Если соединение влияет на рост данио, длина (Д) тела и ширина (Ш) туловища будут меньшими, что повлияет на площадь ОИ и конечное значение ПС. Следовательно, мы будем нормализовать измерение конечного сигнала (КС), используя КС=ПС/ ДхШ.If the connection affects the growth of the zebrafish, the length (L) of the body and the width (W) of the trunk will be smaller, which will affect the RO area and the final PS value. Therefore, we will normalize the final signal (CS) measurement using CS=FS/LxN.

Ожидается, что необработанные и обработанные наполнителем данио будут демонстрировать аналогичный КС, чтобы показать, что наполнитель не оказывает никакого действия. Ожидается, что обработанные ФТМ данио будут демонстрировать низкий КС, чтобы валидировать анализ. Обработанных соединениями данио будут сравнивать с обработанными наполнителем контрольными данио.Untreated and vehicle-treated zebrafish are expected to exhibit similar CS to indicate that the vehicle has no effect. FTM-treated zebrafish are expected to exhibit low CS to validate the assay.

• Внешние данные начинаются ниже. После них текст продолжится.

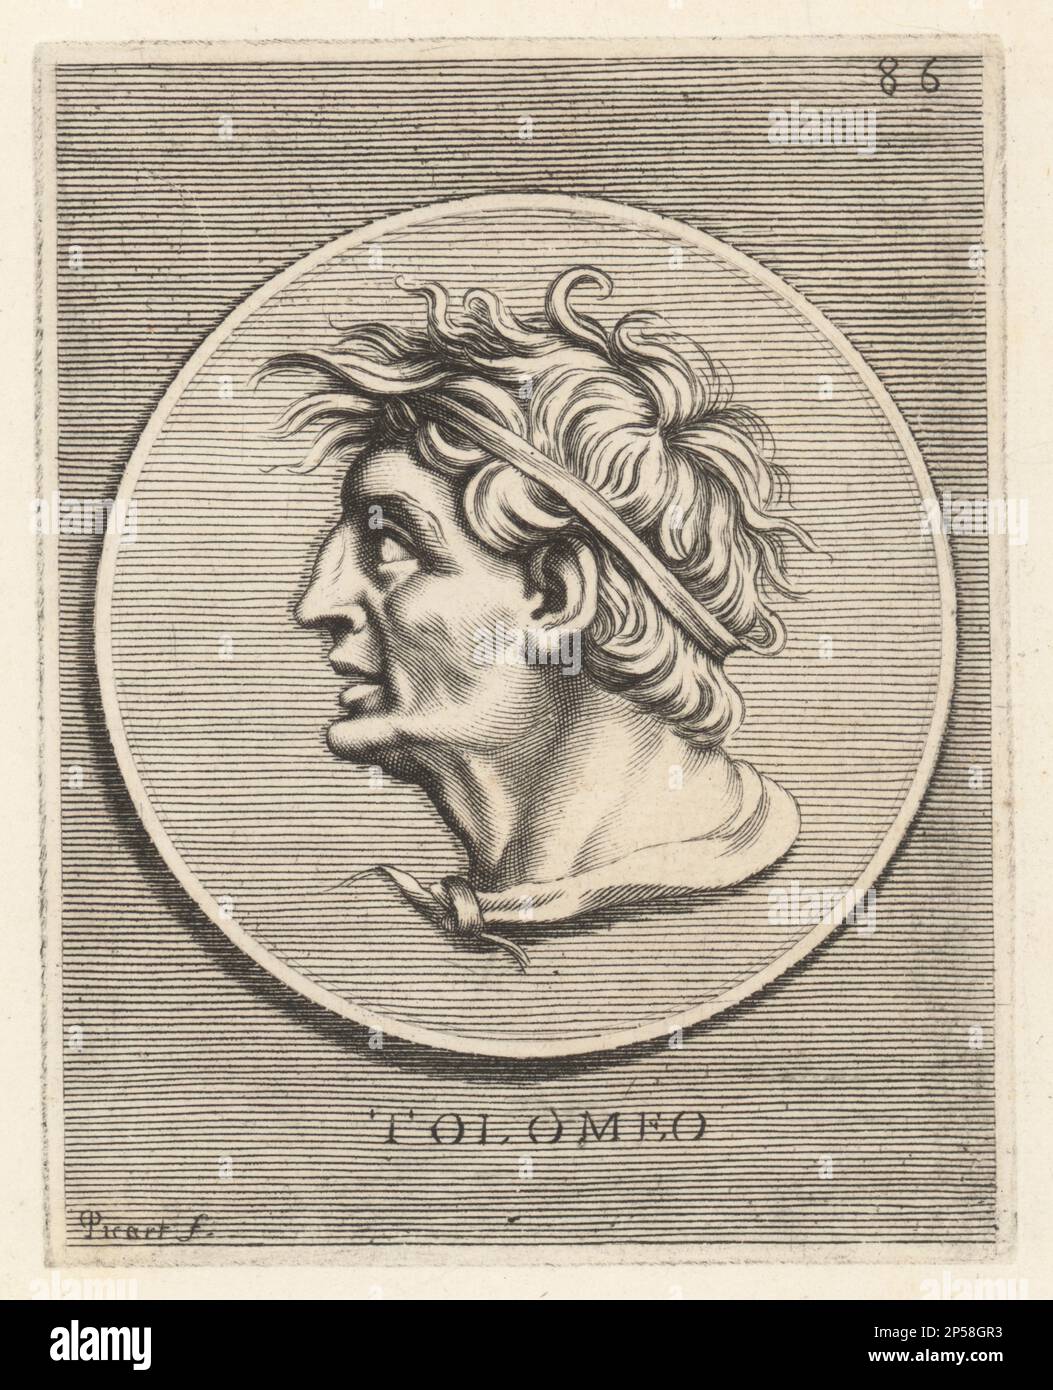 Ptolemy I Soter, c. 367-282 BC, Macedonian general under Alexander the Great who became ruler of Egypt and founder of the Ptolemaic dynasty. From a silver tetradrachm coin. Tolomeo. Copperplate engraving by Etienne Picart after Giovanni Angelo Canini from Iconografia, cioe disegni d'imagini de famosissimi monarchi, regi, filososi, poeti ed oratori dell' Antichita, Drawings of images of famous monarchs, kings, philosophers, poets and orators of Antiquity, Ignatio de’Lazari, Rome, 1699. Stock Photo
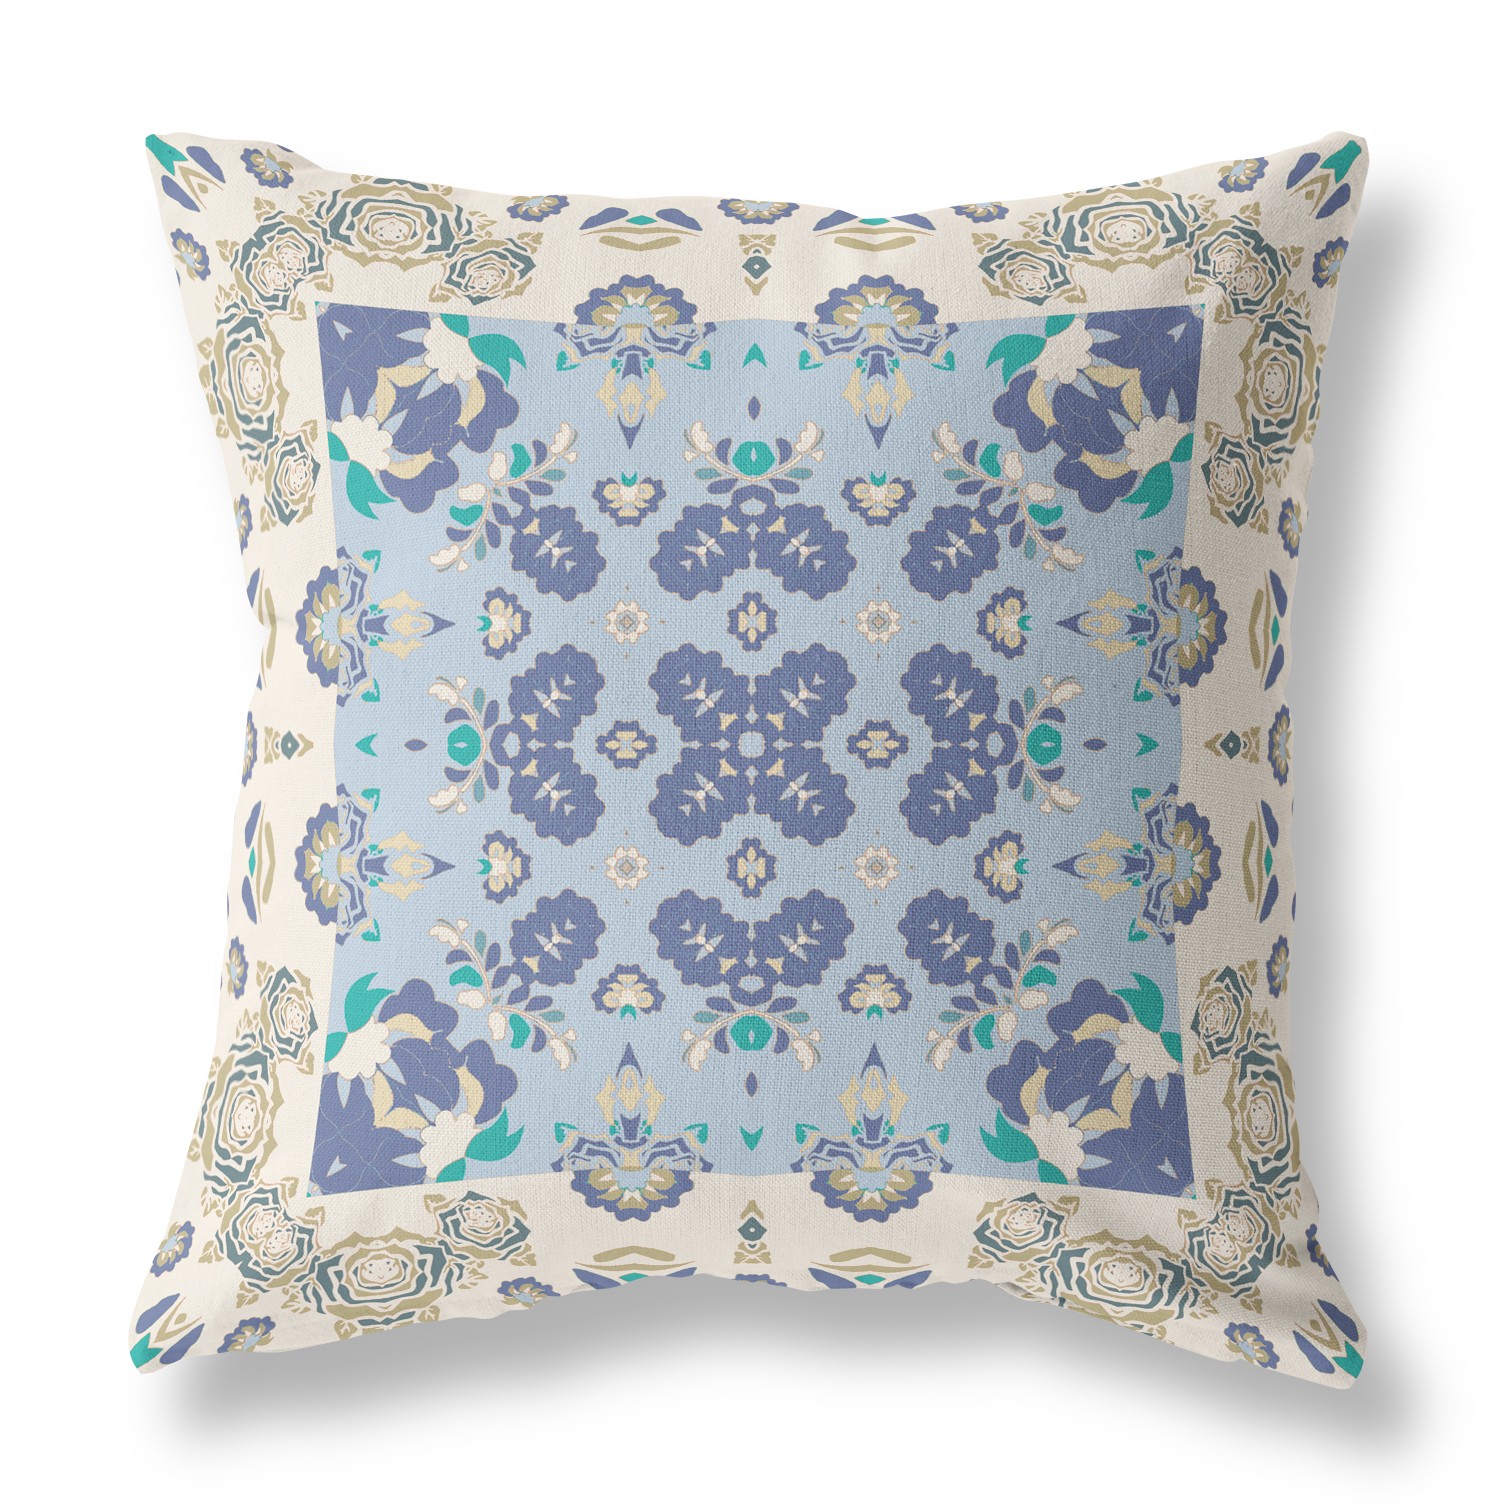 20” White Blue Rose Box Indoor Outdoor Zippered Throw Pillow-411137-1

Compound-treated zebrafish will be compared to vehicle-treated control zebrafish.

Чтобы определить, является ли действие соединения значимым (P<0,05), средний КС для обработанных соединениями данио будут сравнивать со средним КС обработанных наполнителем данио, используя t-критерий Стьюдента.To determine whether the effect of a compound is significant (P<0.05), the mean CS of compound-treated zebrafish will be compared with the mean CS of vehicle-treated zebrafish using a Student's t test.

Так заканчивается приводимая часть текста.